Abstract:
Objective To establish and validate a nomogram of glioblastoma prediction model to estimate individualized survival probability.
Methods The Surveillance, Epidemiology and End Results(SEER) database of the National Cancer Institute was used to collect data on the clinical and tumor features of 5 417 glioblastoma patients from 2011 to 2015.A least absolute shrinkage and selection operator(LASSO) model and Multivariate COX regression analysis were adopted to screen the independent risk factor associated with prognosis for the prediction model. The prediction precision and discriminatory power of the nomogram were assessed using a receiver operating characteristic curve(ROC) and calibration curve.

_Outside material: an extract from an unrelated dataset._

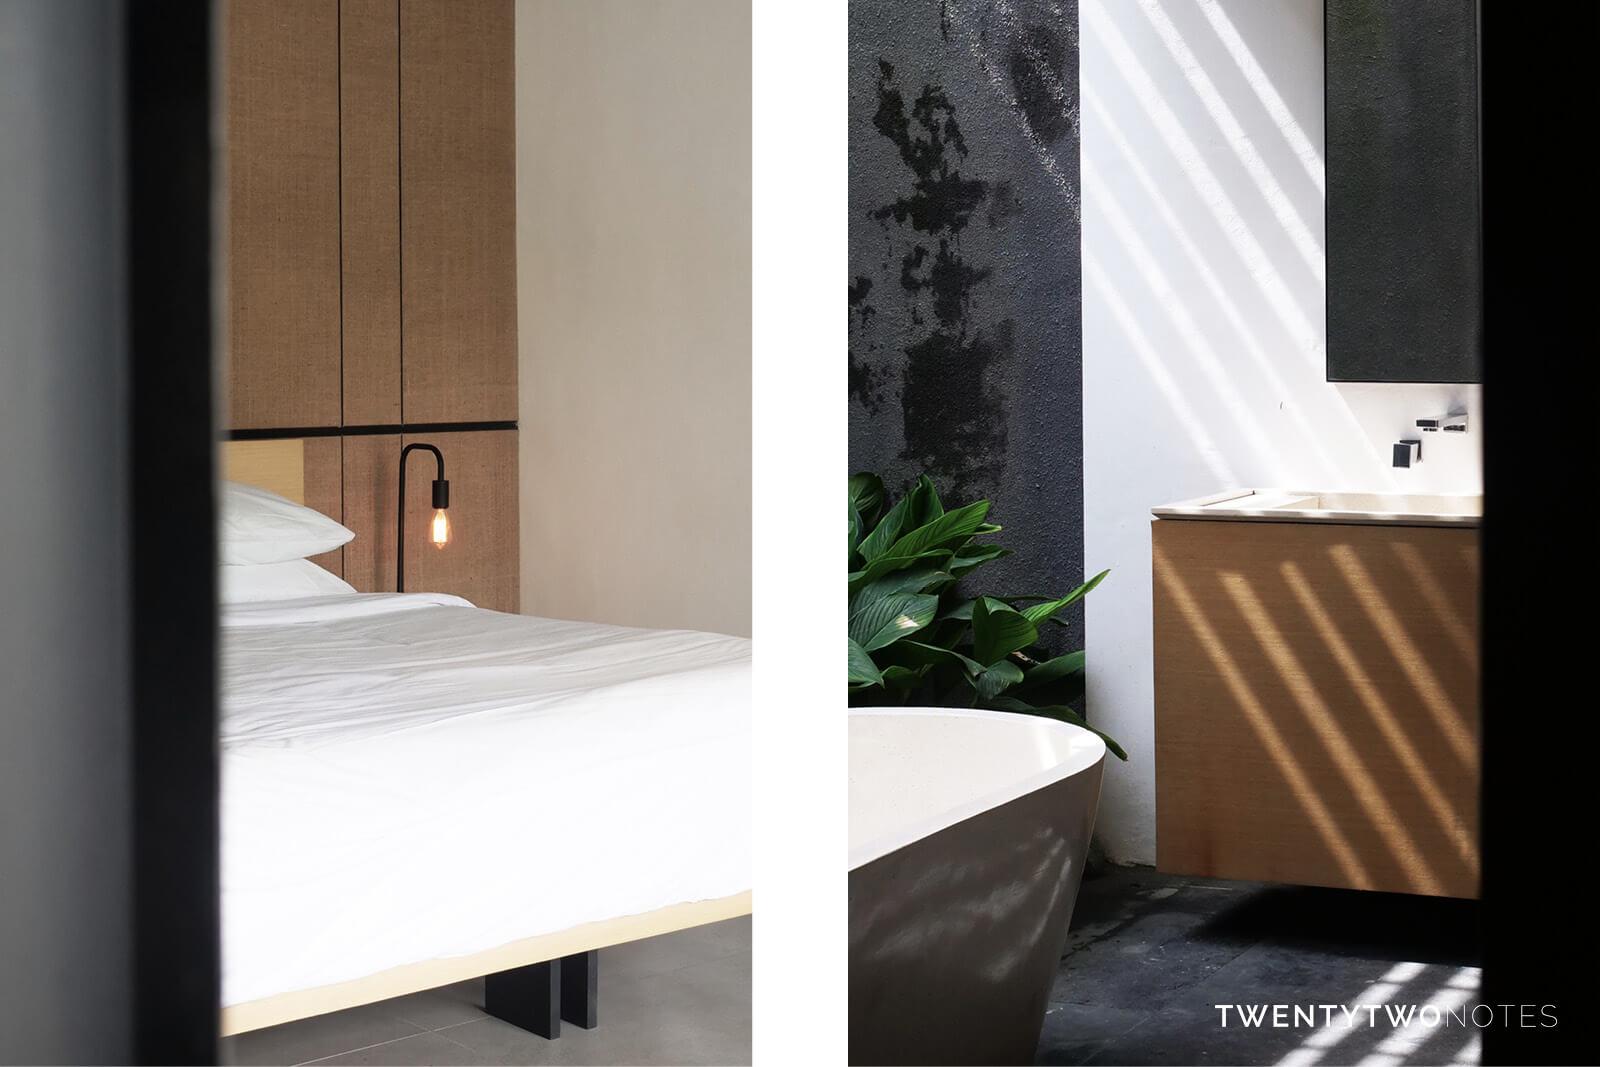 Twentytwonotes boutique stijl privé villa voor minimalistisch

Results The prediction model was developed, using age, surgery, chemotherapy and radiotherapy as prognostic factors. The area under the ROC curve(AUC) was 0.757 for the training set and 0.754 for the validation set. The calibration curve for determining the probability of survival indicated that the model prediction results were in good agreement with the actual observations. According to LASSO-COX risk regression, age, surgery, chemotherapy and radiotherapy were independent risk factors, while gender, marriage, race, laterality, primary site, tumor size and the number of tumor were poorly correlated with patient survival.
Conclusions The nomogram survival prediction model was successfully established, providing a concise and reliable survival prediction tool for patients with glioblastoma.